恩,将事情应下,没有给次子开口拒绝的机会,只是一味地展示他对次子的亲昵。
他喜爱的儿子,得父皇亲自开蒙,纵使是已经过继到五弟膝下又如何,世人都会知晓这是他的亲子,亦是他的爱子。
太上皇和李二陛下做了快三十年的父子,很多年里,他们都是父慈子孝的典范,比这天底下绝大多数的父子都要亲近。
大多数情况下,子知父,父亦知子。
就像现在,父子二人都清楚对方心里打着什么主意。
当然,父子俩也不是每时每刻都能心意相通,李二陛下当初没有想过父亲做了皇帝后会对他那般防范压制,在他和长兄之间偏心长兄也就罢了,连妾室父皇都要偏心,太上皇在今年六月份以前也没有想过,自己的二儿子能逼宫老父亲,能杀了他另外两个嫡子。

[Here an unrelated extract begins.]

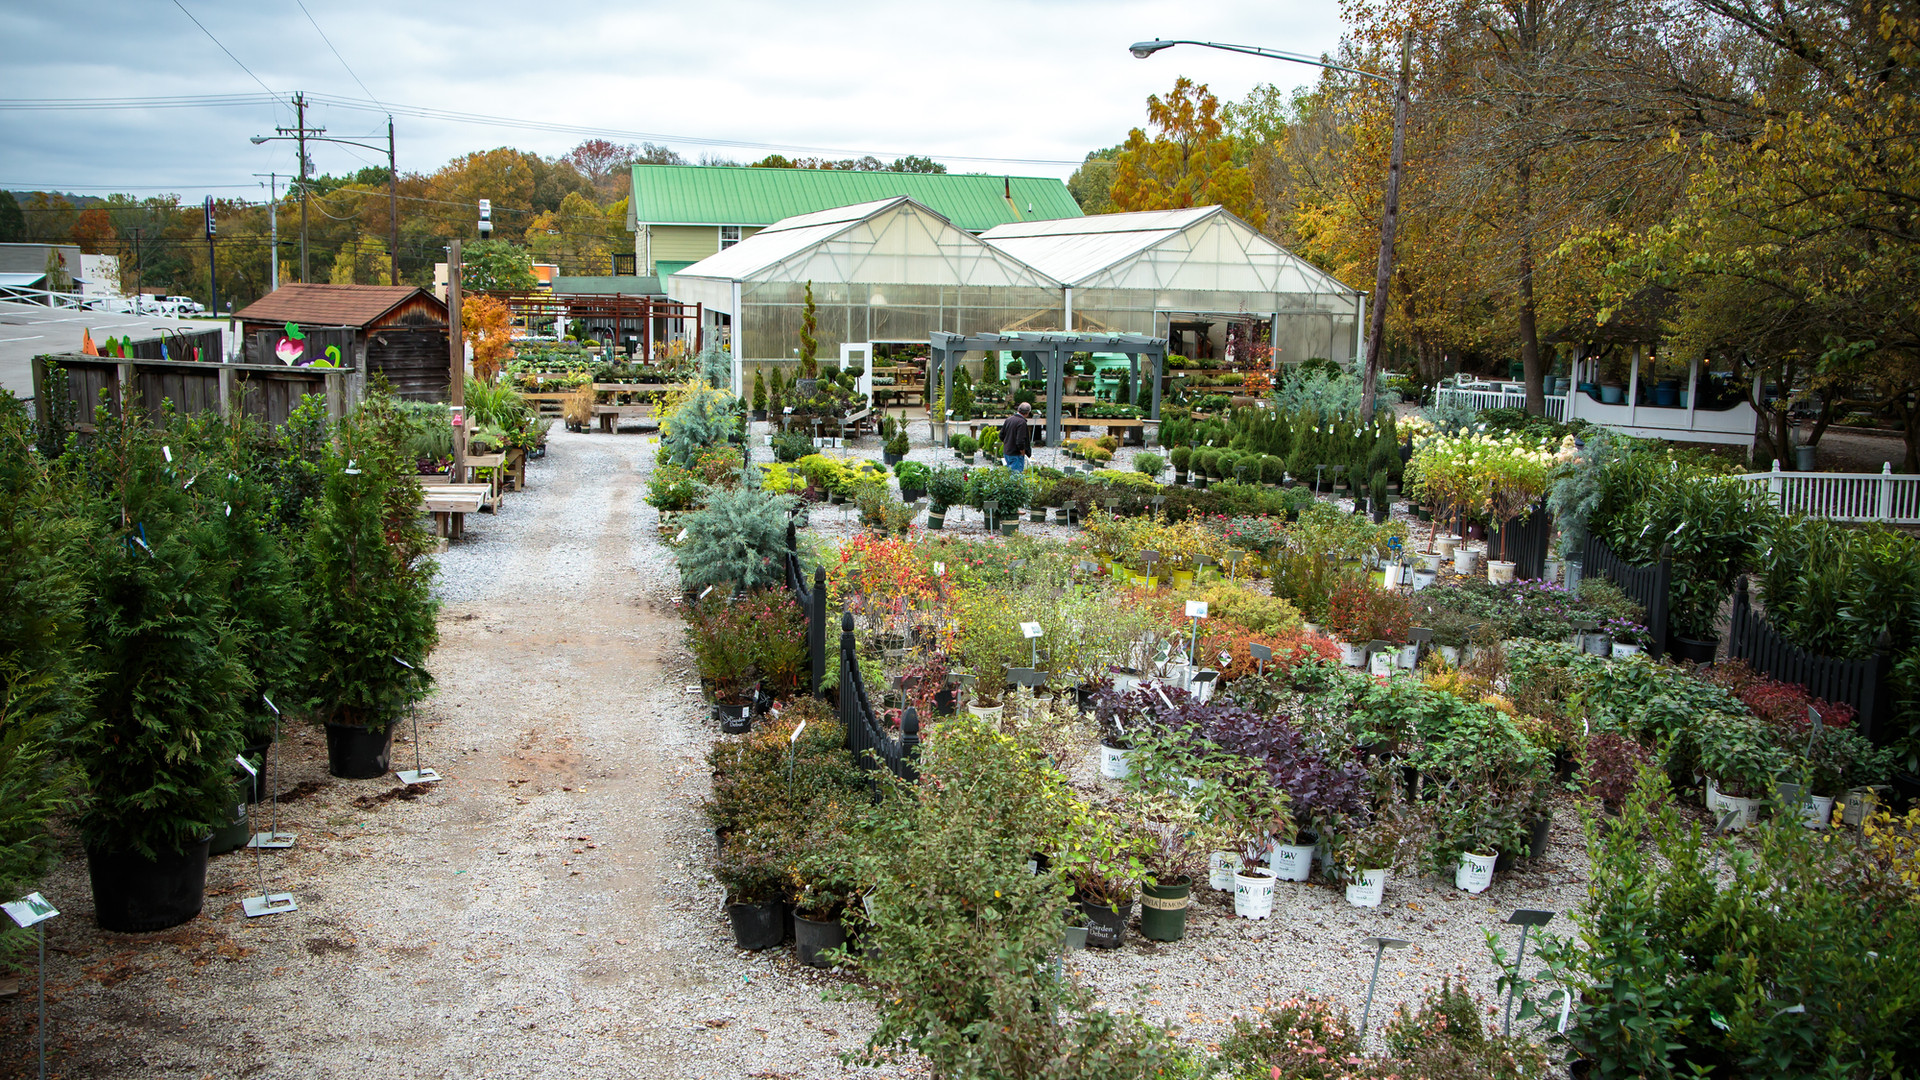 Moore & Moore Garden Center

太上皇半蹲下身子,跟孙儿一般高,平视着李宽的眼睛,温声道:“朕以前常听你祖母说起你,她没少记挂你,今日就留下来,不出宫了,在宫里陪陪她好吗?”
李宽小脸紧绷,身体同样绷紧,呼吸又轻又浅,两代帝王过招,如果没有把他当做工具人的话,他是很愿意站在这里沉浸式围观的,但二位陛下偏偏选择把他当做工具人,他胆战心惊的同时,也没有什么选择的余地,于情于理,站李二陛下就是了。
李宽先看了一眼李二陛下,对方轻轻点了点头,满脸的笑意,只是他总觉得笑得有点假。
又望向站在他对面的太子。
很神奇,明明没有说话,但太子就是明白了二弟要表达的意思——是在问他要不要一起留下来,像询问,又像求救。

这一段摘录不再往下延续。